The Palau de la Virreina, on La Rambla, which houses one of the city's key photographic collections under the Institut de Cultura de Barcelona (ICUB), is also involved. Coordinators there confirmed this week that its digitised holdings — which run to more than 120,000 images of public festivals and civic events — are being cross-referenced against the Arxiu Municipal's own database to eliminate duplication between the two institutions. Before this week's work, certain iconic images of Mercè festival processions appeared in both catalogues under different file names and metadata tags, creating confusion for researchers trying to licence or cite material.
The practical trigger was a report circulated internally in late May, which found that roughly 18 percent of images in one major urban planning subcollection were flagged as either exact or near-duplicate files.
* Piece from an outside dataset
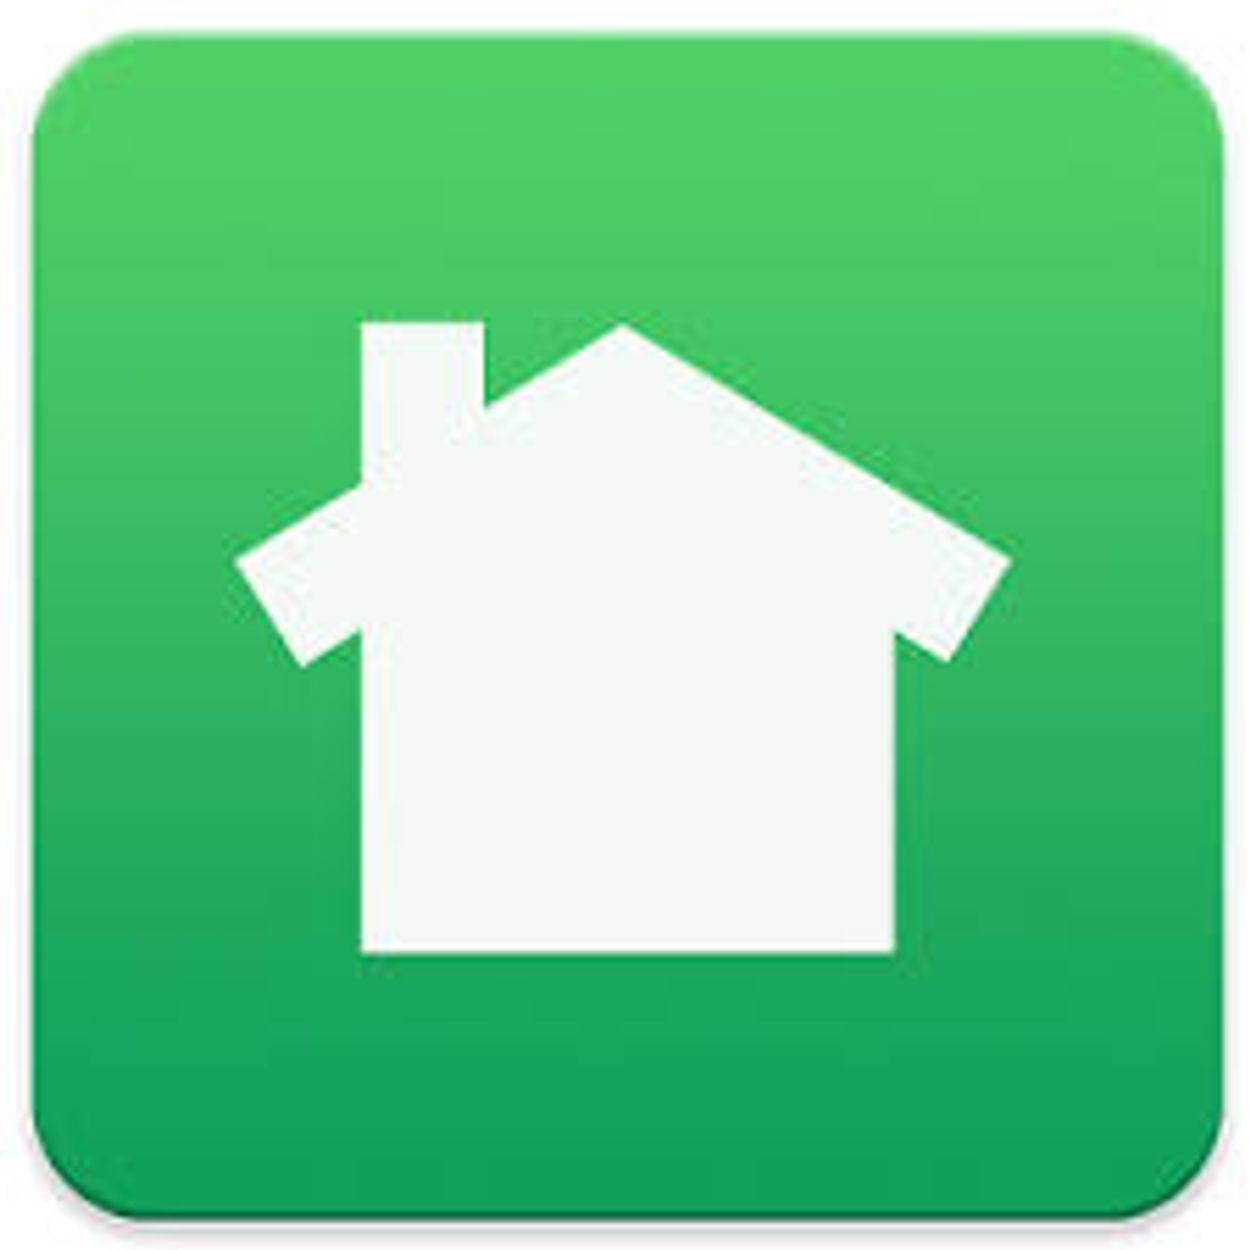 Nextdoor app logo

That figure came after a pilot scan of around 40,000 images from the 1975–2005 period, when the archive was digitising film negatives and physical prints in bulk and quality-control processes were less rigorous. Duplicate entries in that tranche alone were consuming an estimated 2.3 terabytes of redundant server space, according to the internal assessment.
Why the Rental and Tourism Economy Sharpened the Pressure
There is a more immediate commercial dimension to the clean-up. With the city's tourist tax expansion under active review — the current rate for cruise passengers arriving at the Port de Barcelona stands at €7 per person per day — city agencies have been under pressure to ensure publicly funded digital assets are clearly documented and licensable. Researchers, publishers and film production companies regularly request rights to historical Barcelona street images. Duplicate entries with conflicting metadata complicate that licensing process and have, in at least two documented cases this year, led to the same image being licensed separately to two different parties.
The ICUB charges a base fee starting at €30 for non-commercial single-use reproduction of archival photographs. For commercial use, rates rise significantly depending on circulation. Duplicate records undermine that revenue model by creating situations where the same asset is effectively untracked across separate catalogue entries.
The deduplication project is scheduled to complete its first full pass by 31 July. After that, a second phase will address metadata standardisation — giving each surviving image a single, consistent record linking photographer, date, neighbourhood and rights status. The Eixample and Gràcia neighbourhood collections are first in line for that second phase, given their high search traffic.
Researchers and institutions seeking access to Barcelona's urban photographic collections can follow the project's progress through the Arxiu Municipal's online portal. The archive advises anyone who has downloaded catalogue exports in the past six months to recheck file references after 1 August, when the cleaned database goes live.